§ Materials provided
- - -

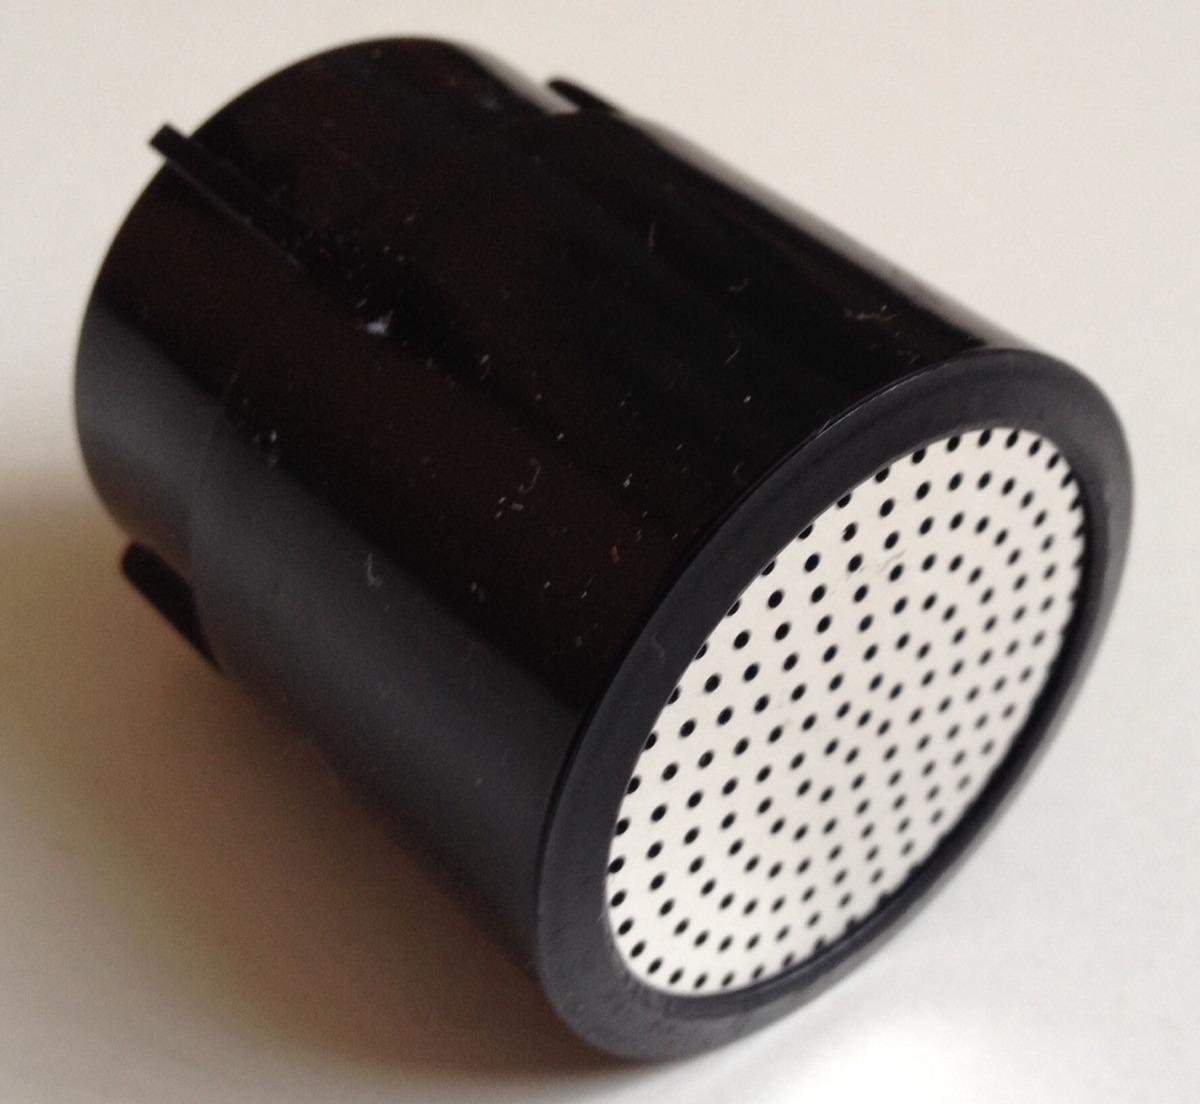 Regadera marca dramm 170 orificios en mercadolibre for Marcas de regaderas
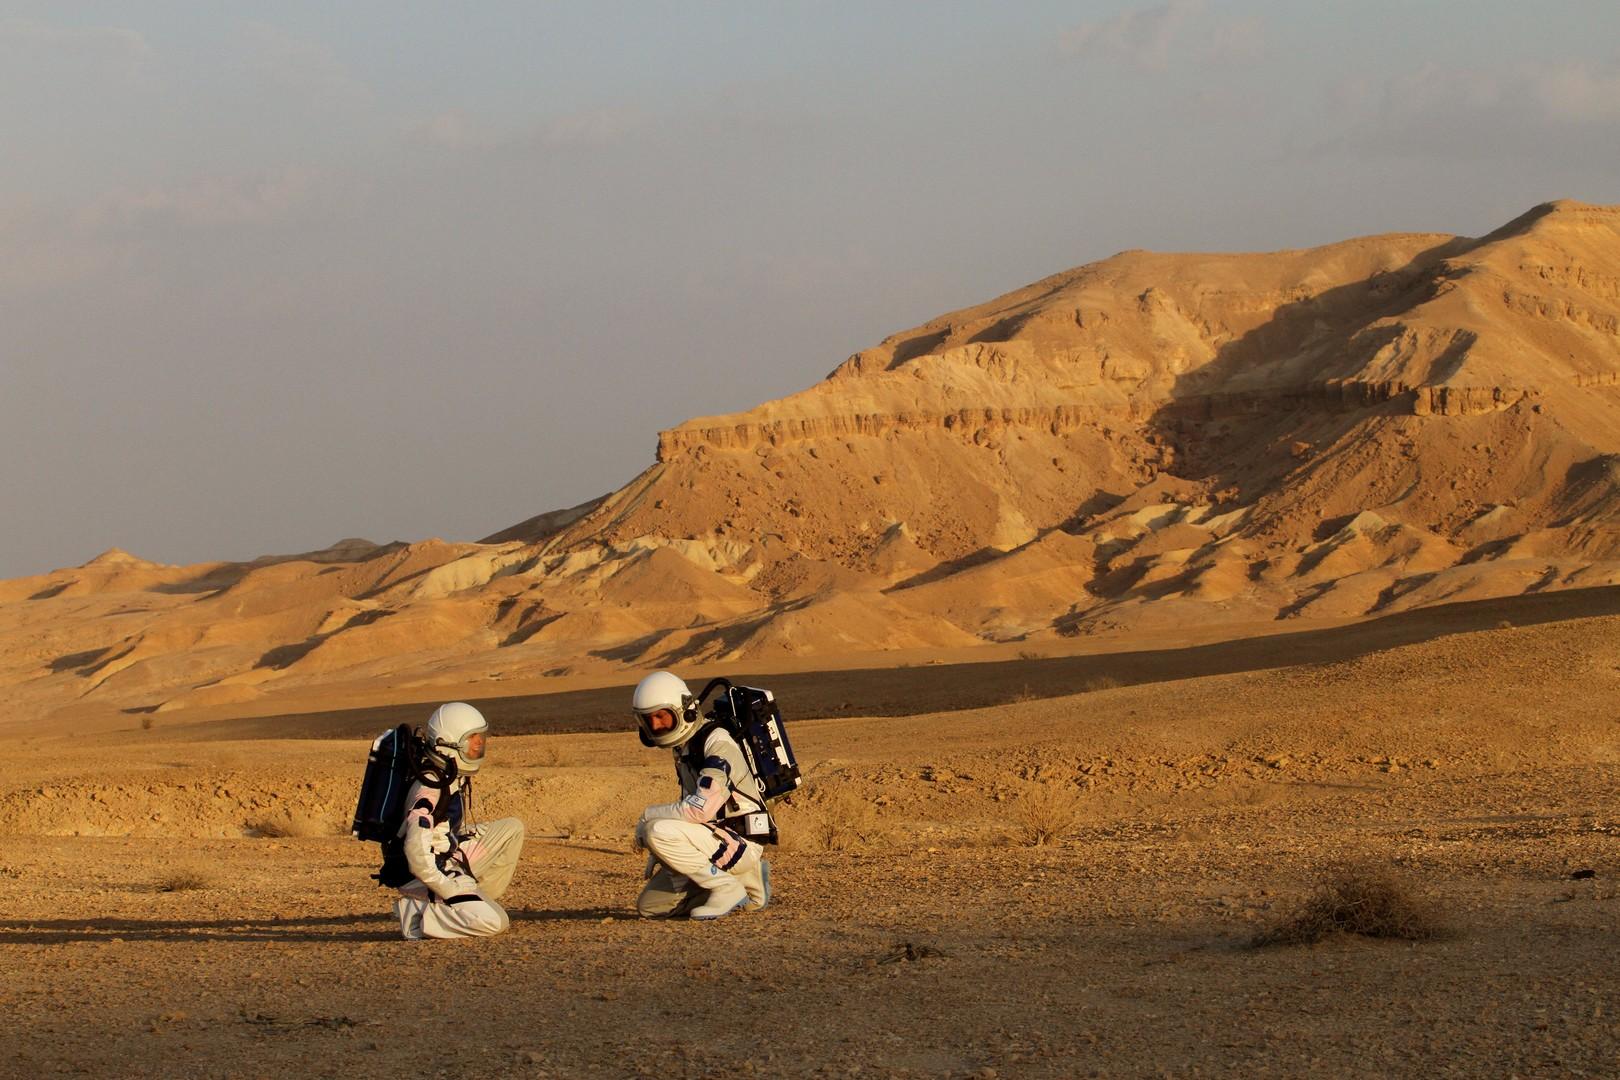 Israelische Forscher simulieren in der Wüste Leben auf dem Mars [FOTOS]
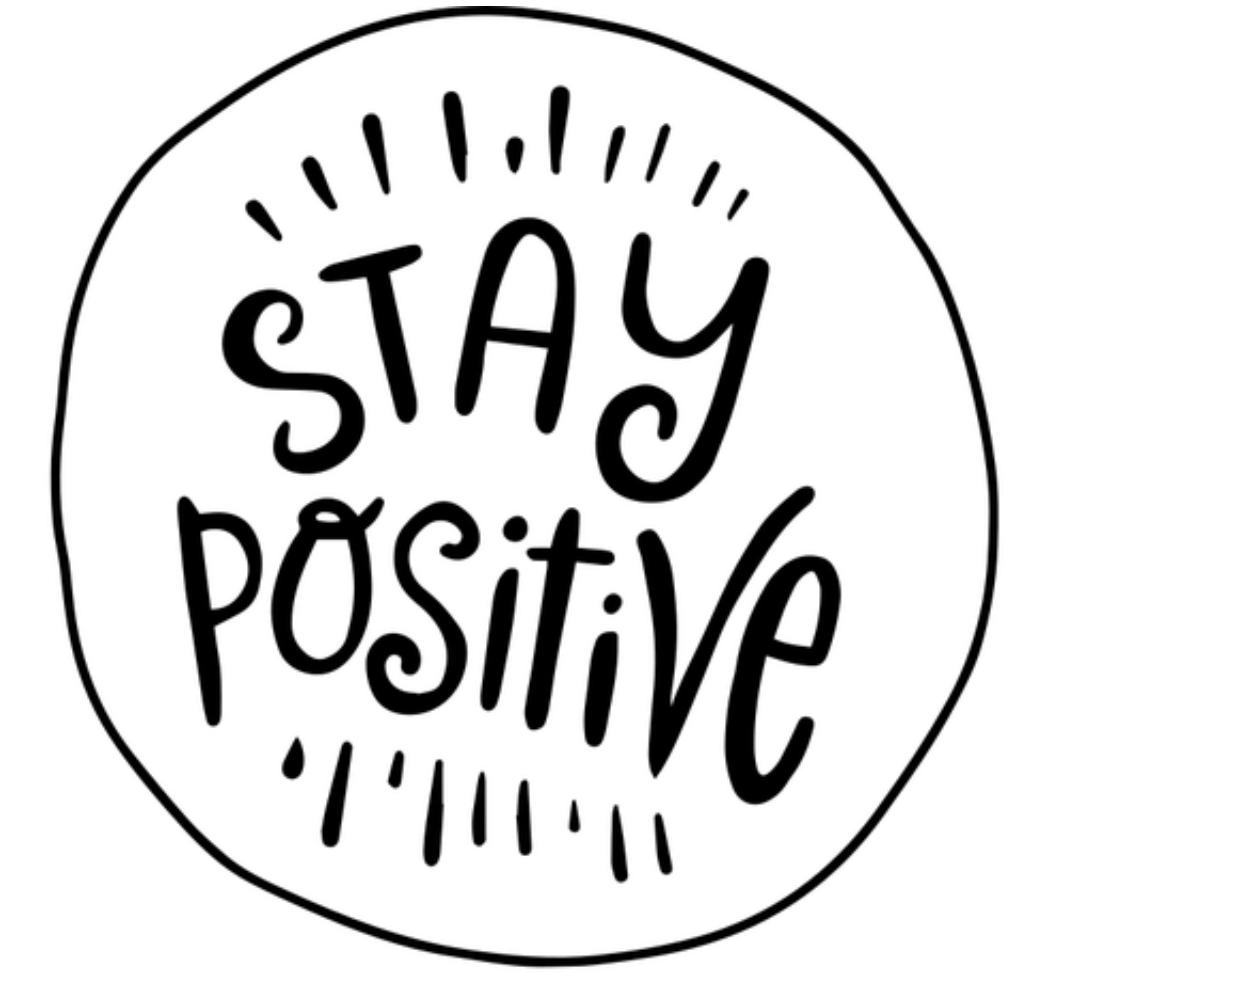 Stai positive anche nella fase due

- - -

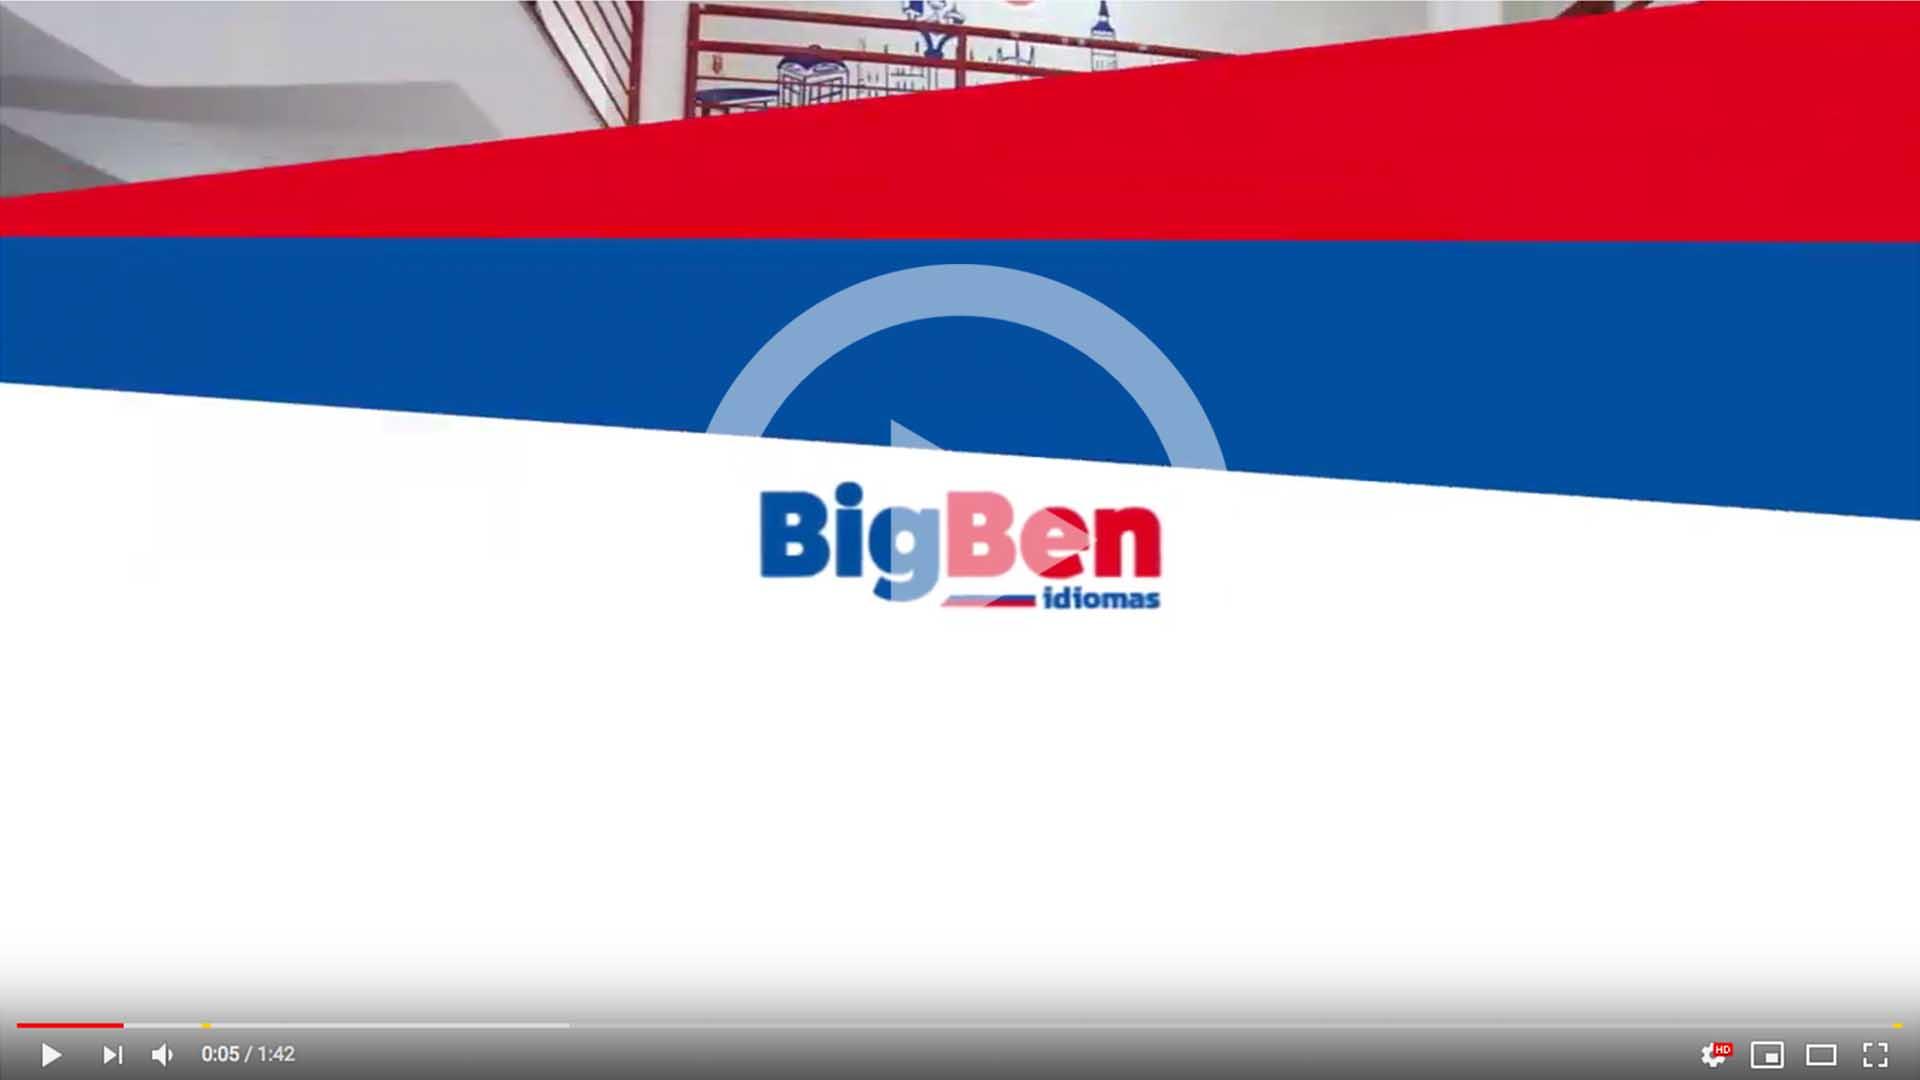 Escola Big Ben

- - -

§ Work instruction
Transcribe, word for word, the stretch of lines in the data above from the one with "Israelische Forscher simulieren" through the one with "Stai positive anche nella fase due"; omit all pictures.

§ Exercise output
 Israelische Forscher simulieren in der Wüste Leben auf dem Mars [FOTOS]
 Stai positive anche nella fase due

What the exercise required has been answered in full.